Reproductive technologies limit our imaginations to what has come before
Culturally, the message that abounds goes beyond the idea that reproducing is a fundamental human need or desire. Rather, it is consistently touted as a specifically feminine purpose. The ‘wandering womb’ was an ancient Greek diagnosis for various psychosexual problems viewed as peculiar to women. Plato wrote that the womb was a living creature with a desire for childbearing and, when this desire went unfulfilled, a raft of problems ensued. Centuries later, Arthur Schopenhauer wrote that ‘women exist in the main solely for the propagation of the species, and are not destined for anything else.’ We continue to live under an ideology that ties women to an embodied condition and associates them with their reproductive role in a manner evaded by men. This ideology also harms men, who transgress norms when demonstrating care and affection for their children, in a society that expects less.
There are real costs borne by women if they are unable to access the benefits associated with pregnancy, gestation and this notion of femininity. Yet, there is a sense in which reifying this norm, through the widespread deployment of technologies such as uterus transplants, serves to reinforce the problem, making infertility and childlessness more painful by continuing to hold women to this biological reproductive role. Such measures arguably serve to entrench the grip that infertility has on the welfare of people.
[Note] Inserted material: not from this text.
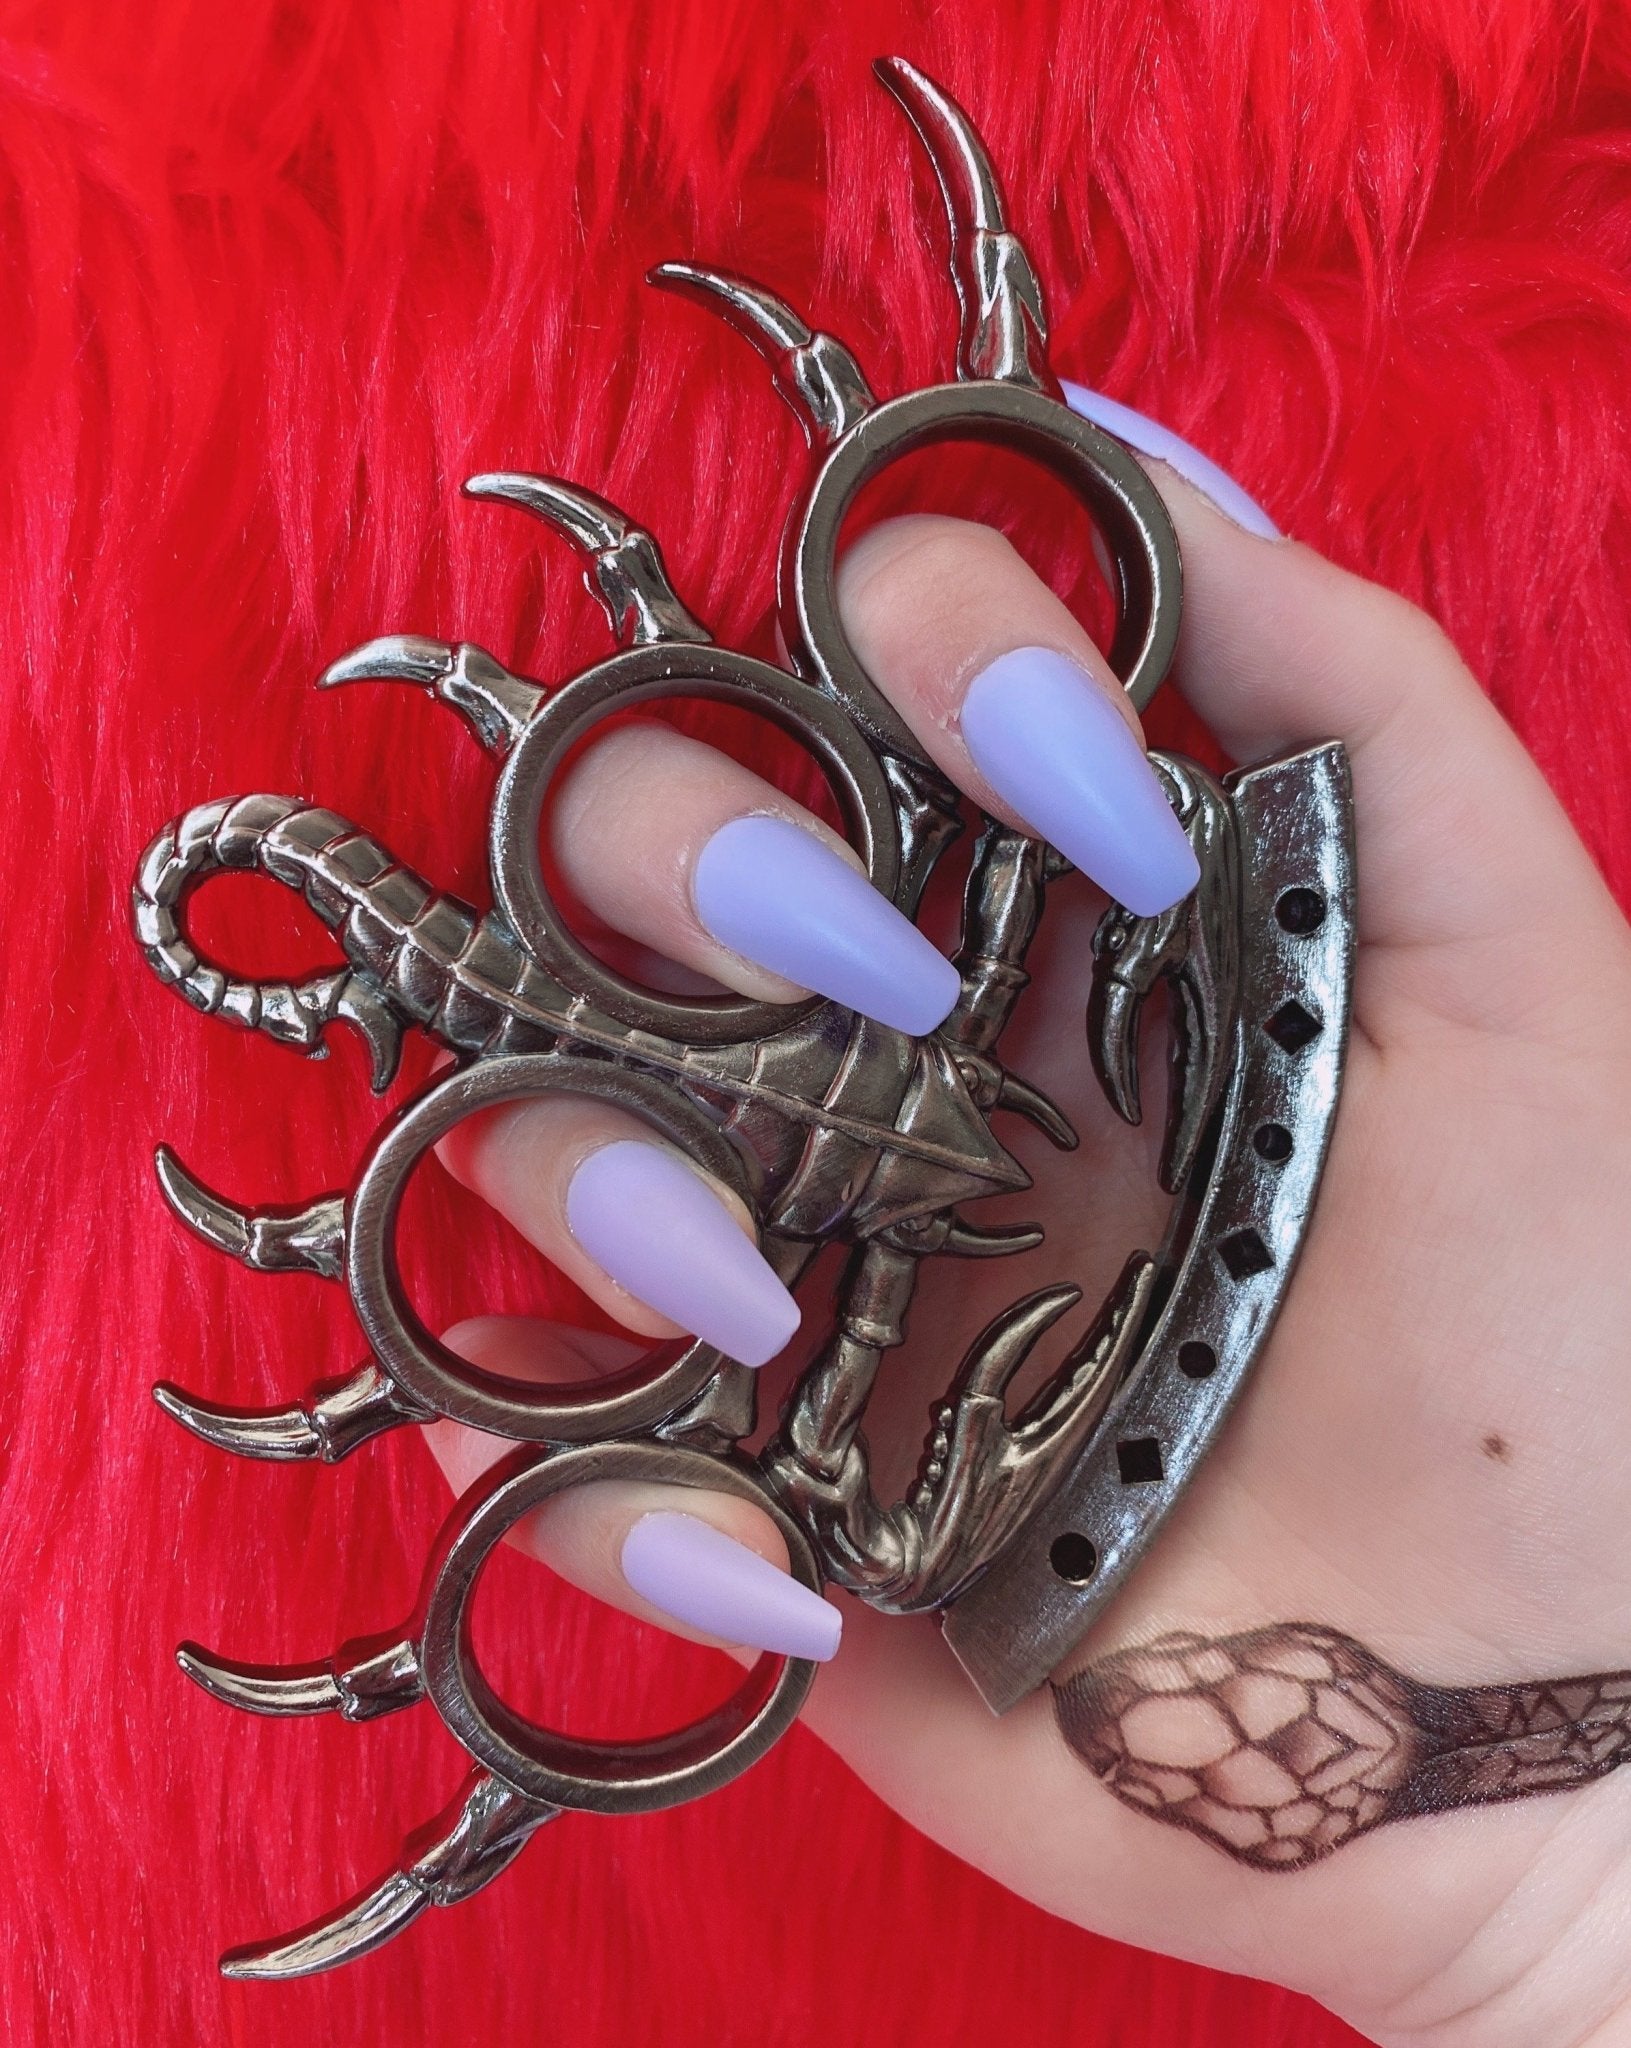 Scorpion Knuckles - Blades For Babes - Knuckles - 6

In aiming towards the provision of biological reproduction, they reinforce the primacy of certain contingent cultural ideals.
Meanwhile, most societies are not so set up for alternatives. Labour mobility means people often move away from family for work. It is not straightforward to take on a care-giving role with friends’ or neighbours’ children. Overwork and psychic exhaustion mean our free time is limited. We live in small flats with little communal space. Grandparents and older people are forced to work in line with ever-increasing retirement ages. Public funding cuts mean fewer libraries and public spaces to meet and operate. We are relegated to our private, nuclear homes. There is a sense in which reproductive technologies limit our imaginations to what has come before. What is instead required is a radical re-imagining of the kind of social roles and worlds we want to occupy.
IVF was highly controversial when it was first introduced and is now a widely practised and established procedure. It remains intensive and onerous, with varying chances of success. Indeed, it is so established that a range of UK and US companies offer egg-freezing services to employees. A range of cultural and economic factors have influenced the age at which people reproduce, leading to the increased use of IVF technologies, and plausibly also egg-freezing services. The growth and normalisation of IVF attests to the deterministic nature of such technologies in shaping future choices and preferences, rather than being mere additional options.
Far from being neutral, technology has a role in perpetuating certain values and beliefs. It can restructure our physical and social worlds, and so how we live. We should be wary of the way in which assisted reproductive technologies like uterus transplants reinforce harmful or regressive norms, related to an essentialist notion of womanhood and siloed kinship, entrenching some of the very problems that generate their demand.